Immerhin ist Varna, trotz erneuter Schädigung durch den Verlust der bulgarischen Dobrudscha im Bukarester Frieden, als Hafenstadt in lebhafter Entwicklung begriffen und zeigt neuerbaute, anmutige Villenstraßen. Nach der Neuordnung der politischen Situation hat es Aussicht, Bulgariens Kiel zu werden, denn der dicht dabei belegene Devnasee ist wie von der Natur bereits dazu bestimmt.

Burgas, einst ein Fischerdorf, ist heute Bulgariens eigentlicher Getreideexporthafen. Es hat eine bevorzugte Lage in einer gegen den wilden Nordoststurm sichernden Bucht, ausgedehnte Kais, an denen die Dampfer anlegen können, und ganz moderne Dampfkrane, aus Belgien bezogen, aber trotzdem deutscher Herkunft.

Zwar wird der neue Seehandel Bulgariens nach dem Weltkrieg sein Gesicht der Ägäis zukehren, und es scheint, daß das schon in türkischen Zeiten recht ansehnliche Dedeagatsch, trotzdem es nur eine Reede hat, auf der die großen Dampfer weit draußen festmachen müssen, der Favorithafen wird.

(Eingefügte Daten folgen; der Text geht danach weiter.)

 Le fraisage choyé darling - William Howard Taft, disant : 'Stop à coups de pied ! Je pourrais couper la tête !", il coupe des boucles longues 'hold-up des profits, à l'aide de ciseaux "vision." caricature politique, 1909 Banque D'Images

Nur Kavalla, von dem viele Bulgaren erhoffen, es auf dem Weg friedlichen Austausches zu erlangen, könnte ihm mit seinem Hafen, in tiefer Bucht belegen, gefährlich werden, da dort nach dem Ausbau die Dampfer am Kai anlegen könnten.

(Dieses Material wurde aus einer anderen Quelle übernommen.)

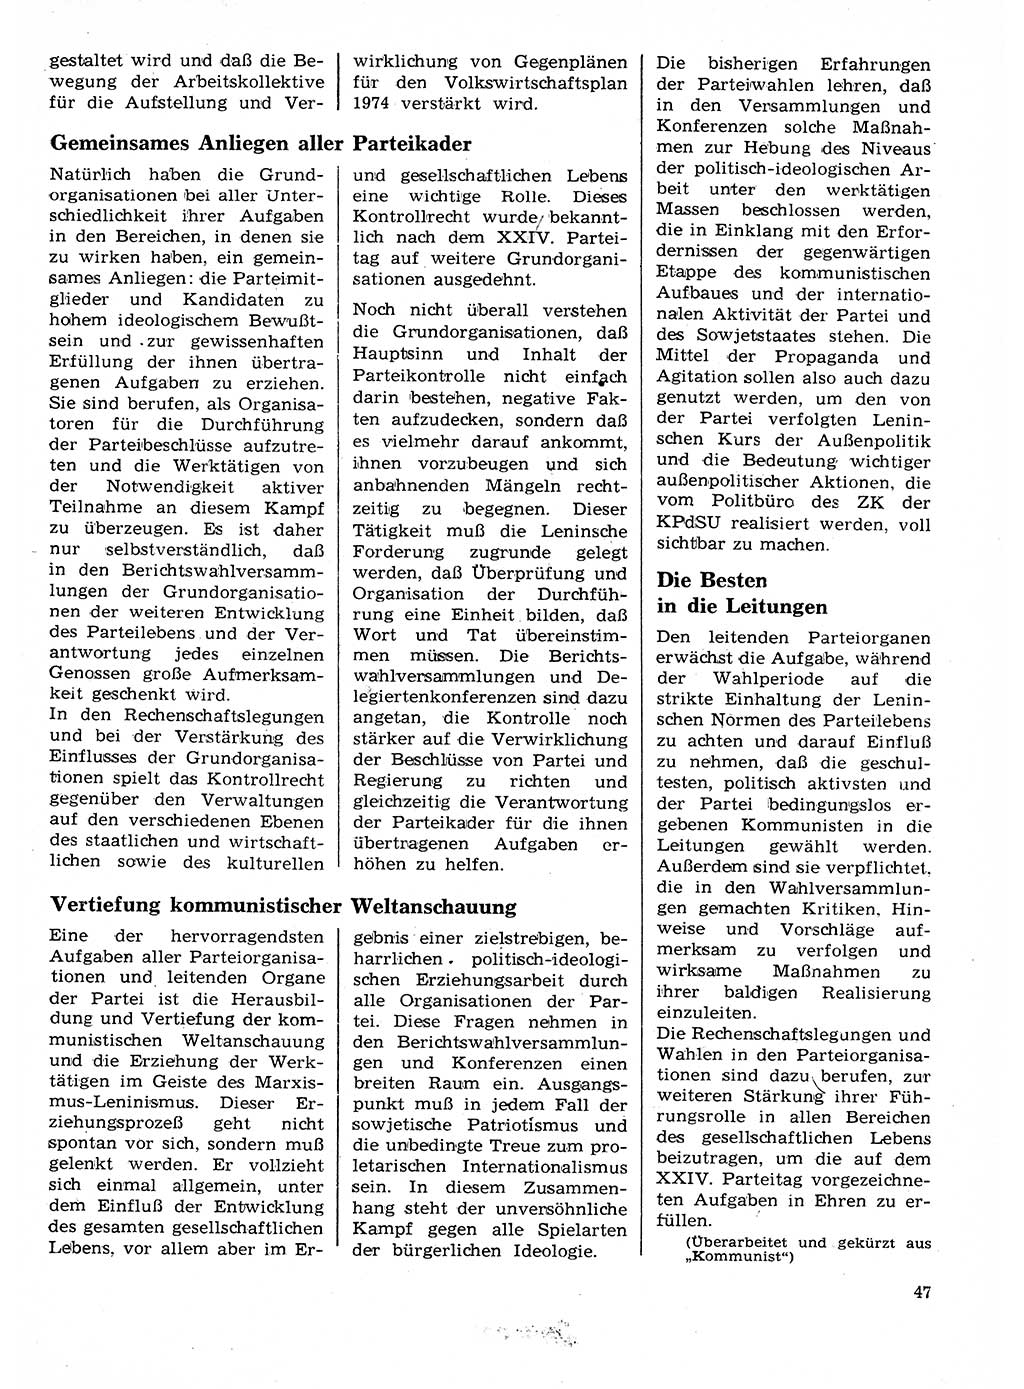 Neuer Weg (NW), Organ des Zentralkomitees (ZK) der SED (Sozialistische Einheitspartei Deutschlands) für Fragen des Parteilebens, 29. Jahrgang [Deutsche Demokratische Republik (DDR)] 1974, Seite 47 (NW ZK SED DDR 1974, S. 47)

Von Binnenstädten wäre Sliven am Südabhang des Ostbalkans und Stara Zagora, weiter westlich belegen, zu nennen. Sliven ist heute das Zentrum der bulgarischen Textilindustrie, die trotz gewaltiger Konkurrenz ihren Platz gegen die Erzeugnisse Englands und Österreichs zu behaupten wußte und Aussicht hat, nach dem Krieg für Aba und Schajak, lodenartige Stoffe für die Winterkleidung, sich erneut im großen Stil die wiederbefreundete Türkei zu erobern. Dadurch wird Sliven mit seinem rührigen Unternehmertum und seinem intelligenten Arbeiterelement große Bedeutung als Fabrikstadt erlangen. Die Wiederbefreundung mit der Türkei wird alsdann sich reichlich verzinsen.